Beautiful branchless binary search

Trusting the C++ compiler to emit a specific instruction for guaranteed performance - cute, but not realistic.

I don't think it is the instruction that makes the difference. Cmov is a branch either way.

Branches can be unpredictable and slow, no matter what instructions, (or tables, or whatever) are used to introduce the branch at question.

It is predictable nature of branching in this algo that makes the difference. Which makes me wonder...

EDIT: the cmov vs explicit branching story is a bit more complicated than just branch vs no branch.

Cmov doesn't branch. A branch refers specifically to the program counter ending up in more than one possible place after an instruction has executed. It is this behavior that mucks with the CPU state and slows everything down.

It's true that the cmov instruction uses the CPU flags register (which I'm sure the CPU designers at Intel hate), but that doesn't mean that it branches.

You can achieve the same effect as cmov by using bitwise operations and a subtraction, though it'd just be a few cycles slower--but it would be even more clear that it doesn't branch.

Sure, it doesn't change the PC. But it can introduce a branch indirectly, I.e. when there is a jump to an address MOVed by cmov.

Either way, it seems that the wisdom has change since the last time I wrote and read assembly. Cmov used to be slow. It seems that the current answer is "it depends".

The main problem with branches in an algorithm like this is that they create a dependency, where not only do the future instructions depend on the possibly-mispredicted outcome of the previous instruction and need to get thrown out, but you may have started executing the wrong instructions.

A cmov doesn't affect the instruction pointer, so that 'executing the wrong instructions' condition is gone, but it still affects the output of all following instructions if they depend on the register it modifies. So you still have to worry about pipelined work being thrown away on a mispredict.

IMO, cmov was far more valuable back when it was new, because branches were more expensive then. IIRC it was added to x86 in something like the MMX or SSE1 era, so a very long time ago for very different processor architectures. It's still a useful instruction category to have, if only because it lets you produce smaller code (and smaller code is usually faster), but I expect the value is less significant than it used to be.

Incidentally I am curious whether Linus's position on cmov back in 2007 is one he still holds today, and whether his assertions hold up on a modern Intel or AMD CPU. https://yarchive.net/comp/linux/cmov.html

I think the branchless search in this blog post is faster simply because the inner loop is much smaller. The observation that it sometimes does extra comparisons explains why it is slower for an expensive comparison operator, because the advantage of the smaller loop is gone. I don't think it being "branchless" is terribly important in comparison. You could try to fudge an experiment to prove this by inserting extra instructions, but they would need to be ones that decode into actual executed uops, and you'd need to decide whether they should have dependencies or not.

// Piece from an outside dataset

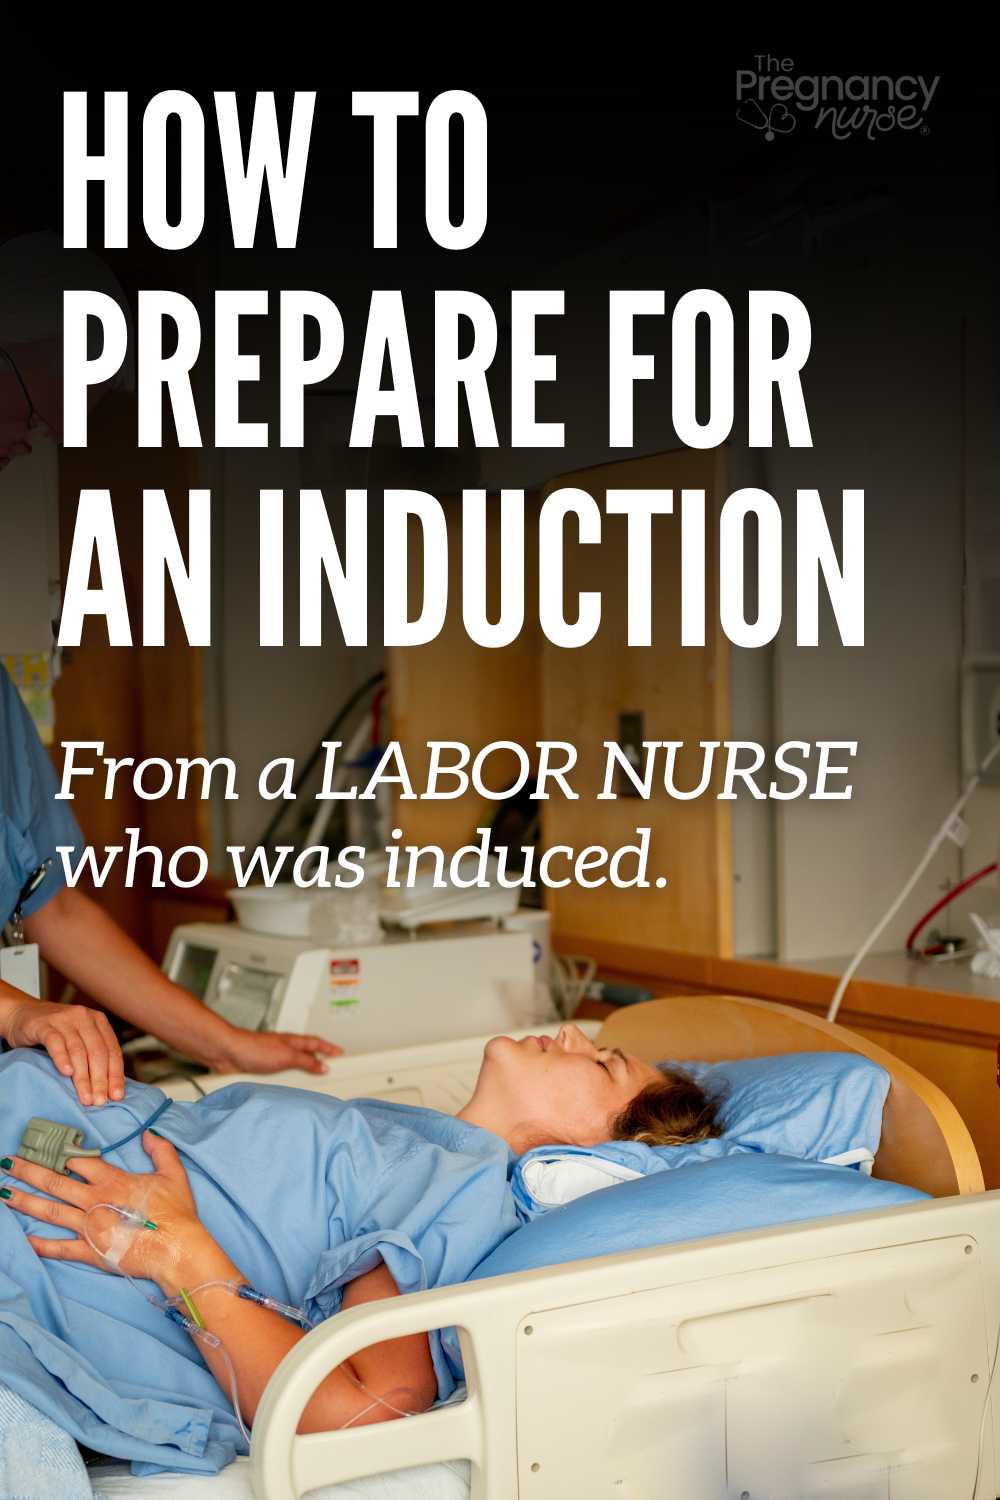 PREGNANT WOMAN IN THE BED how to prepare for an induction from a labor nurse who was induced.

In the bad old days when I got promoted to the programming team at a job they had me take a test, and one of the tasks was to write a transparent blit routine. The one I wrote was "branchless", but because cmov intrinsics weren't widely available I achieved this by using an array of pointers and selecting the array index based on the result of a comparison, something like:

  unsigned char* src_dest[] = { src, dest };
  for (...; ...; src_dest[0]++, src_dest[1]++)
    *src_dest[1] = *src_dest[*src_dest[0] == transparent_value];

the lead who reviewed the test had to come by and ask me to explain how it worked. Certainly, this was "branchless", even without the presence of cmov, since it was just doing movs based on a 0/1 produced by the comparison. But the actual source of the dependency here is the comparison, not a jmp or a cmov. The loop was faster than a branch on the CPUs of that era but these days it would probably be much slower.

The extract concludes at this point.